Would webassembly be a more general purpose way of accomplishing something like this?

webassembly "runs in kernel space"?

Yes, though it's early days yet. See:


Please no.

Care to explain?

The tendency to dump all kinds of unrelated stuff in the kernel is a very bad trend. It increases the attacks surface of the kernel in unpredictable ways and will lead to security issues, especially with something as complex as an interpreter.

Interpreter is very small part of overall kernel codebase, and it is the same interpreter for all kinds of applications written in wa, need to be analyzed only once, but performance benefits of running code in kernel space are huge. Moreover, wa can even make kernel safer but rewriting certain not very performance critical parts of the kernel in wa.

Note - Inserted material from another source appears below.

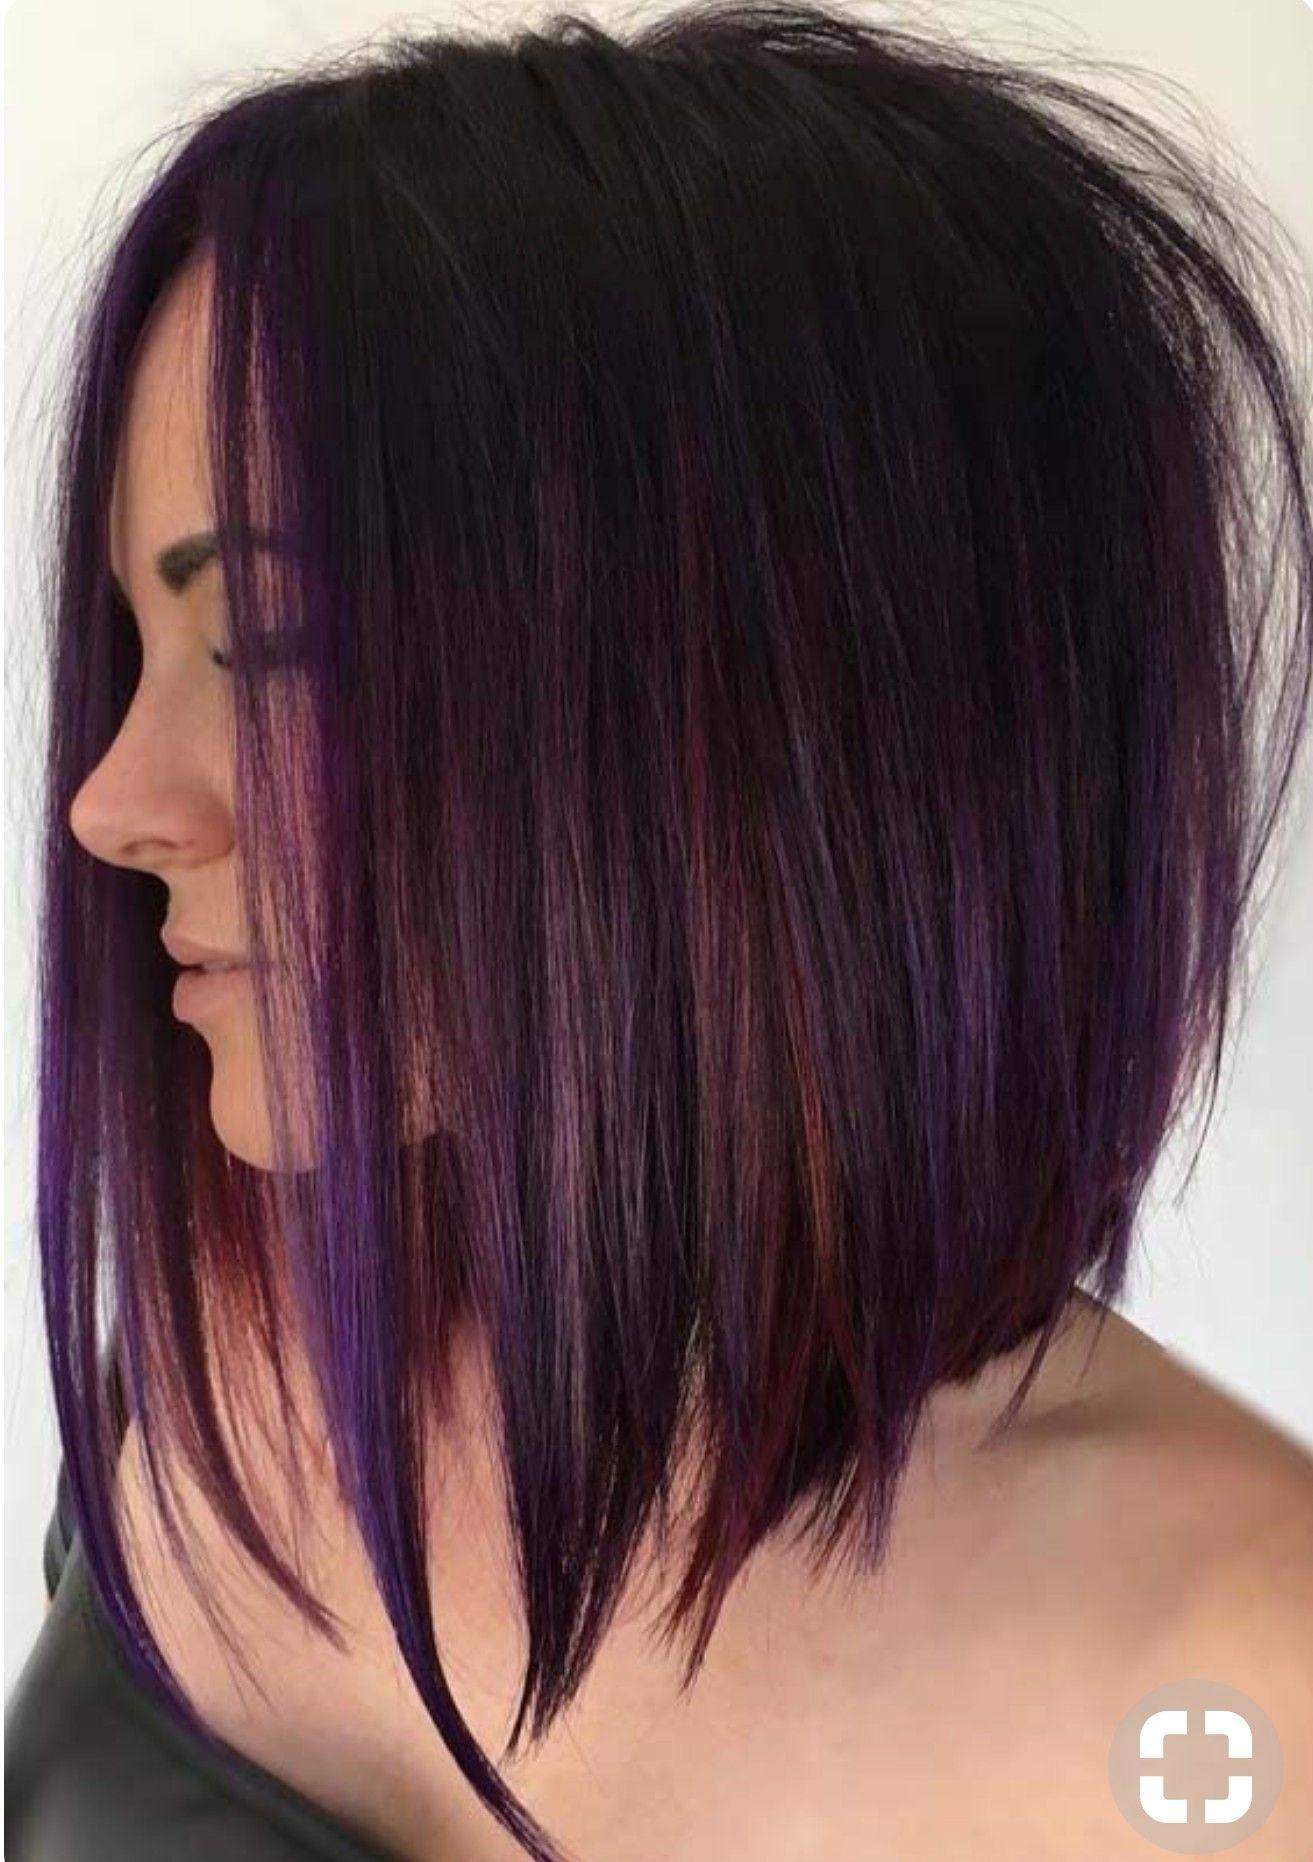 500 Hair Ideas In 2020 Hair Hair Styles Cool Hairstyles

But I got your point. Thanks!

A BPF interpreter can literally be ~100 LoC. A WebAssembly VM on the other hand will likely be ~1million LoC (without checking).

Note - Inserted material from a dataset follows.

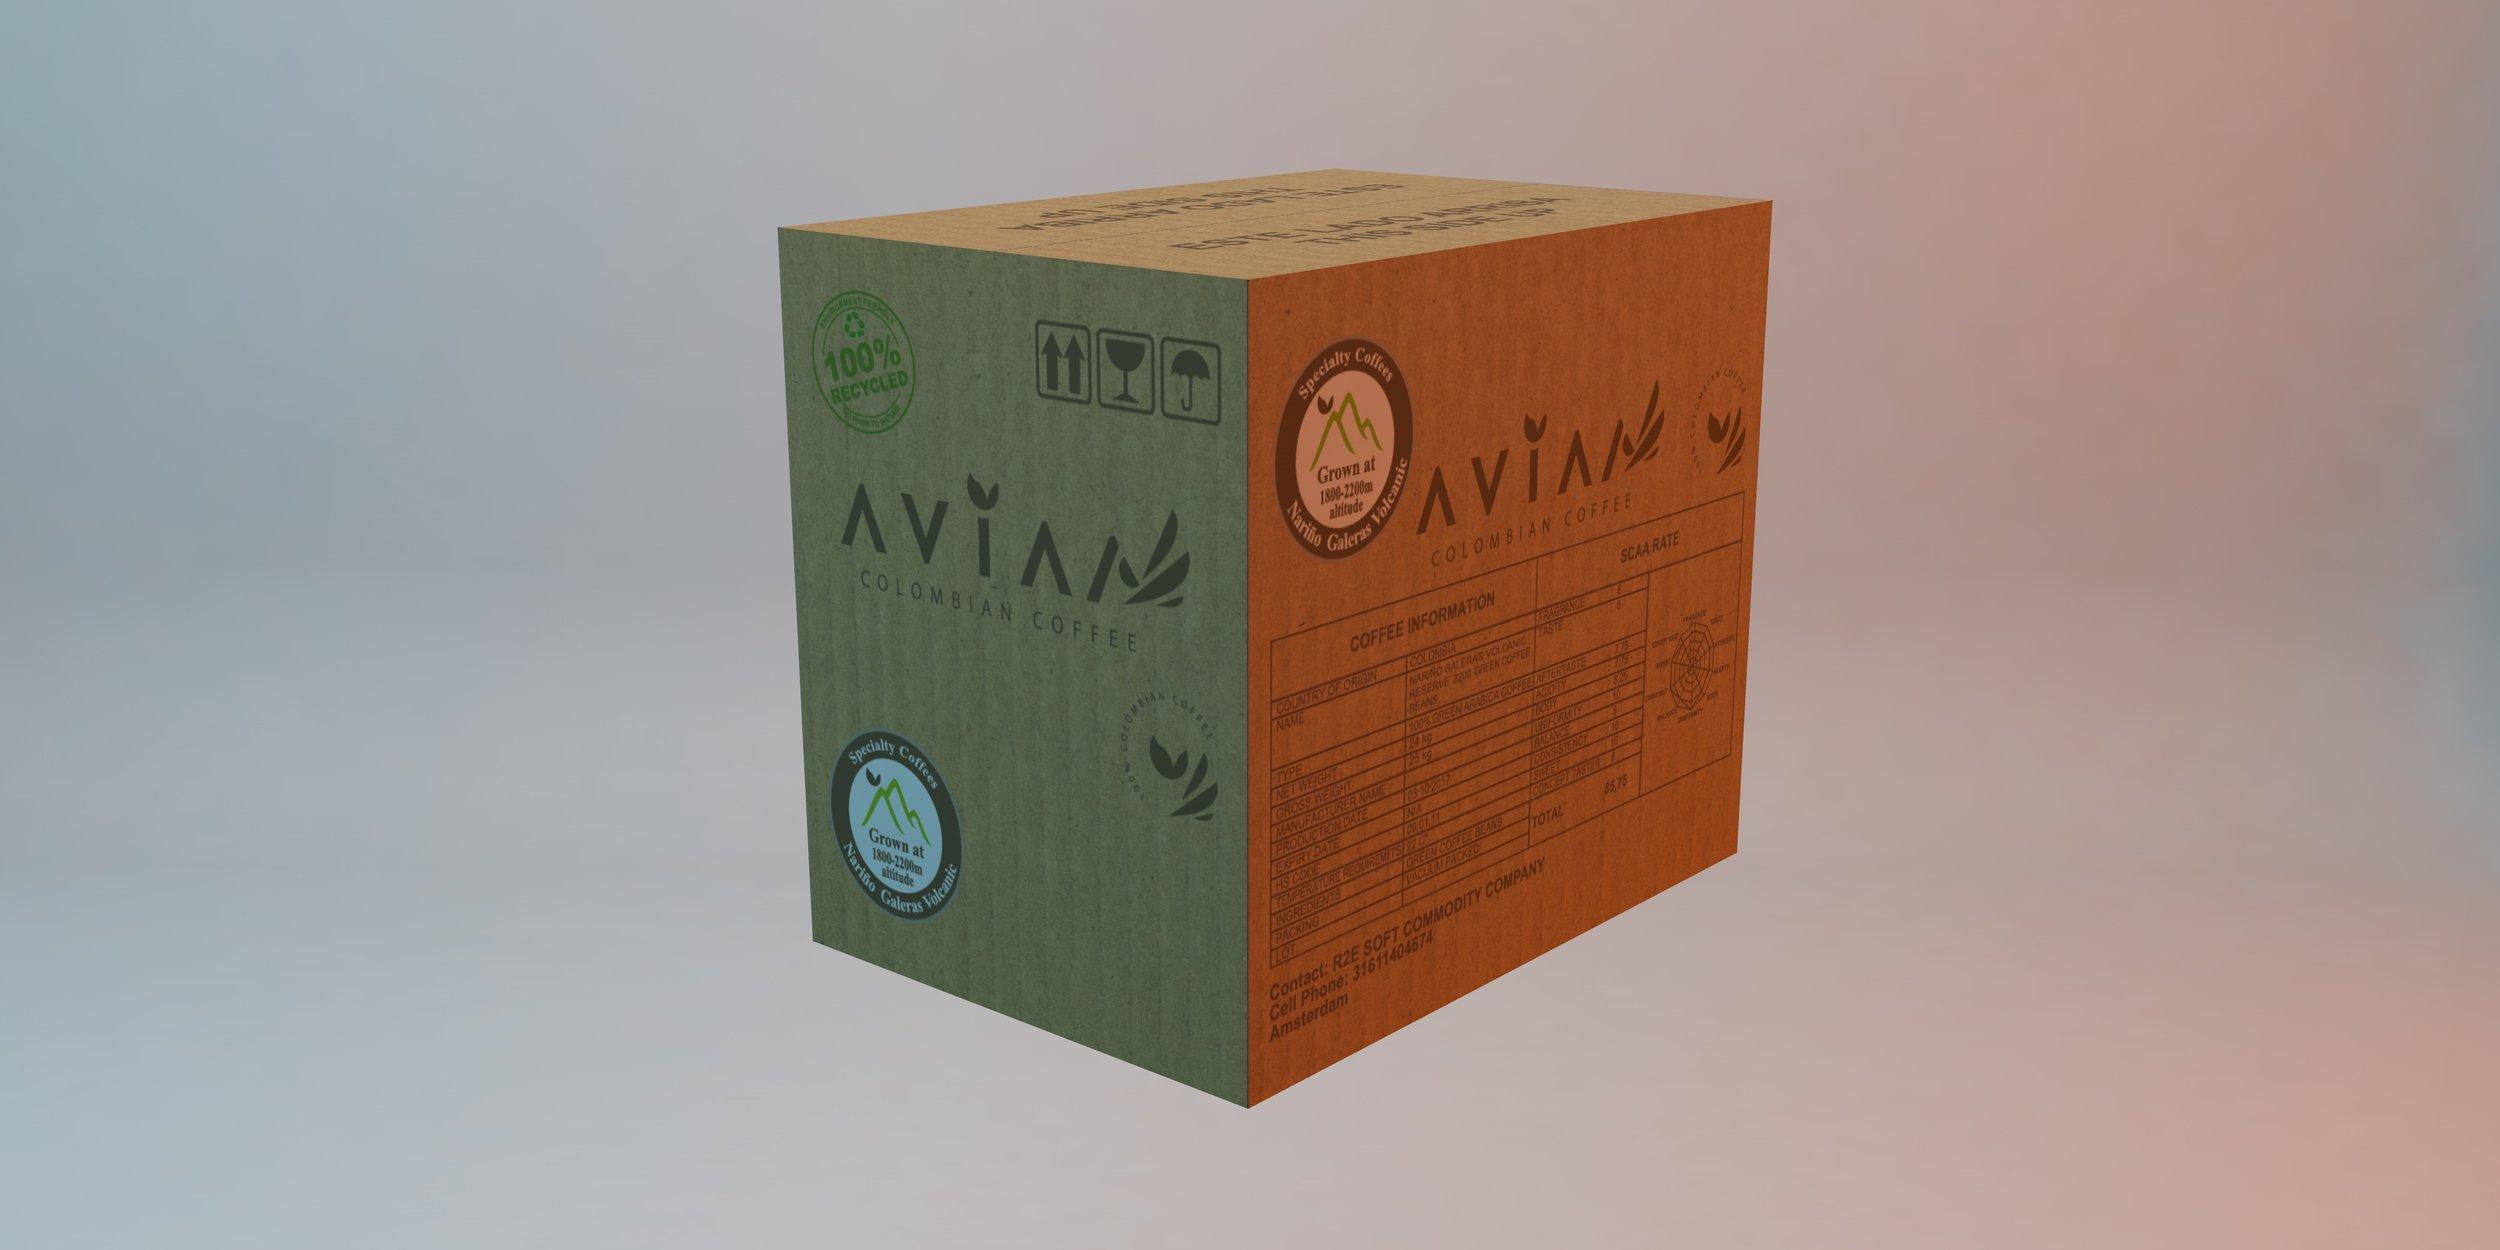 24 kg BOX - 2 vacuum packed units of 12 kilos each

One is suitable for embedding into a kernel, the other isn't.

Where did you get ~1million number? https://github.com/bytecodealliance/wasm-micro-runtime is less than 100K LoC for example.

If a micro runtime is 100K LOC then 1M LOC wasn't unrealistic.

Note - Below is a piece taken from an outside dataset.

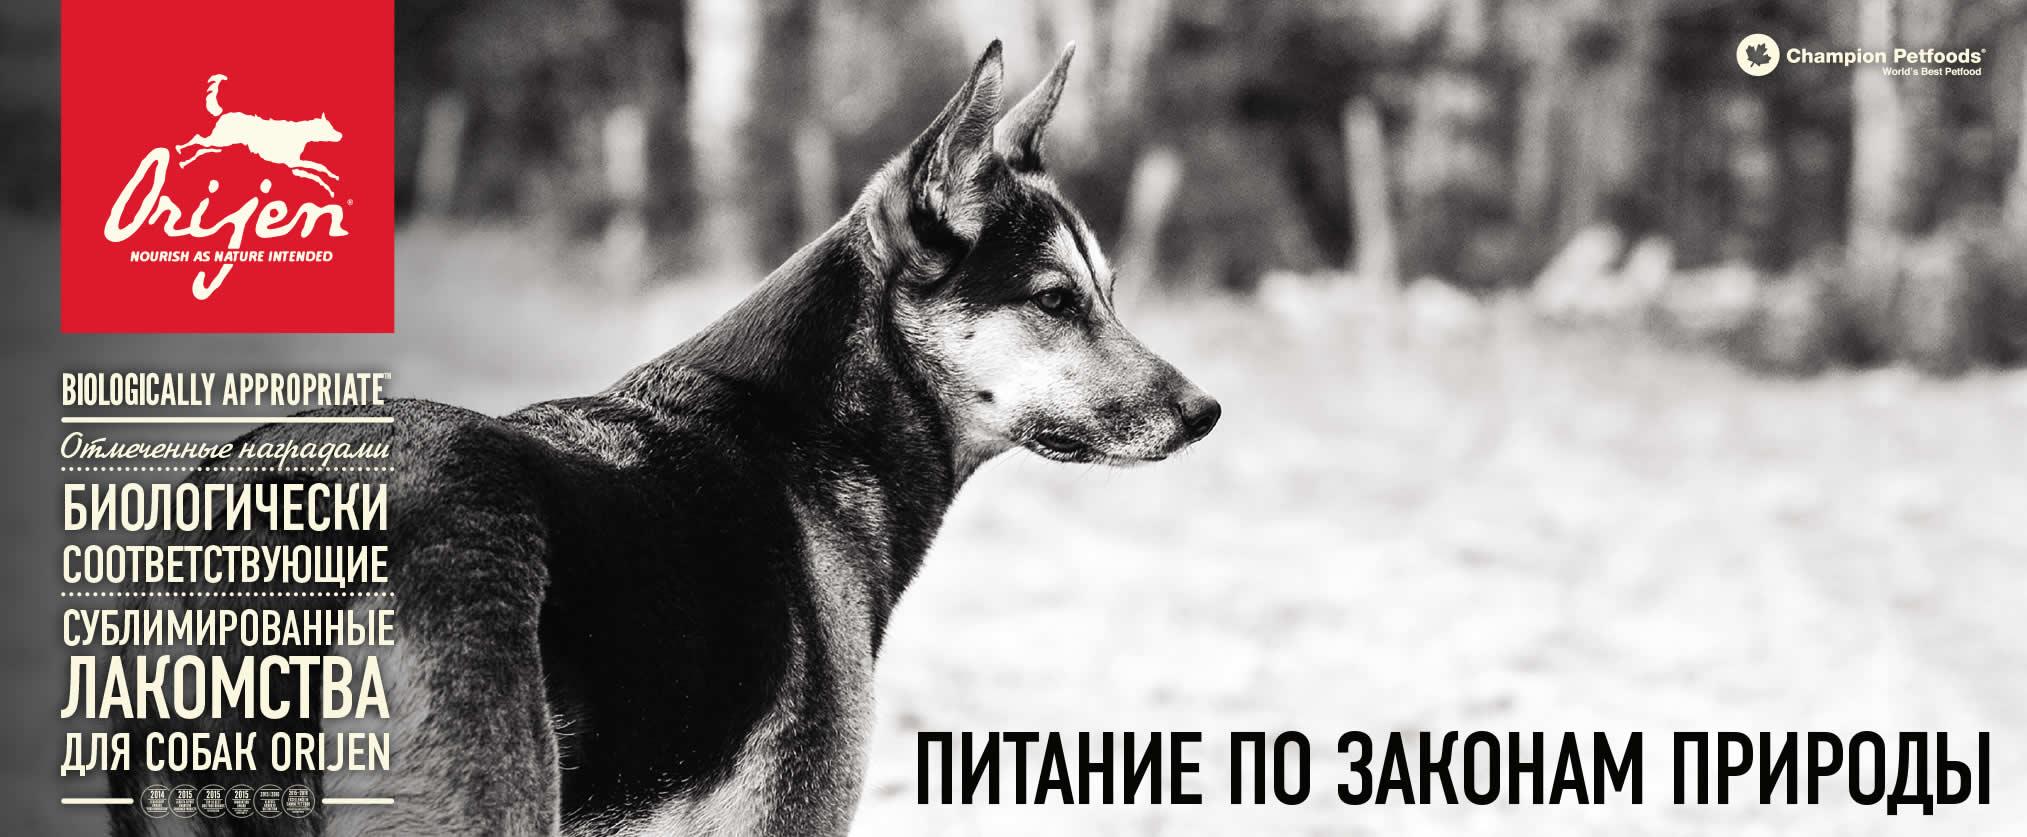 Лакомства для собак Orijen

About half is tests and sample codes. Runtime proper (core directory) is <50K.

It is also WASI runtime. WebAssembly runtime proper (core/iwasm/runtime directory) is more like 10K.

This is a micro runtime that acts as a tiny WASM interpreter. 1M LOC sounds fair when complex runtime features such as JIT or AOT are included.

> One is suitable for embedding into a kernel, the other isn't.

I'd be very surprised if the linux kernel doesn't eventually get web assembly support.

Doubtful. Webassembly is Turing complete, BPF isn’t. Running untrusted unbounded code in the kernel is not smart. BPF was invented with kernel constraints in mind, webassembly was invented with browser constraints in mind. Completely different use cases

> Running untrusted unbounded code in the kernel is not smart.

Well currently we run code (e.g. drivers) as trusted full-permission code. Surely, web-assembly would be better than this from a security perspective.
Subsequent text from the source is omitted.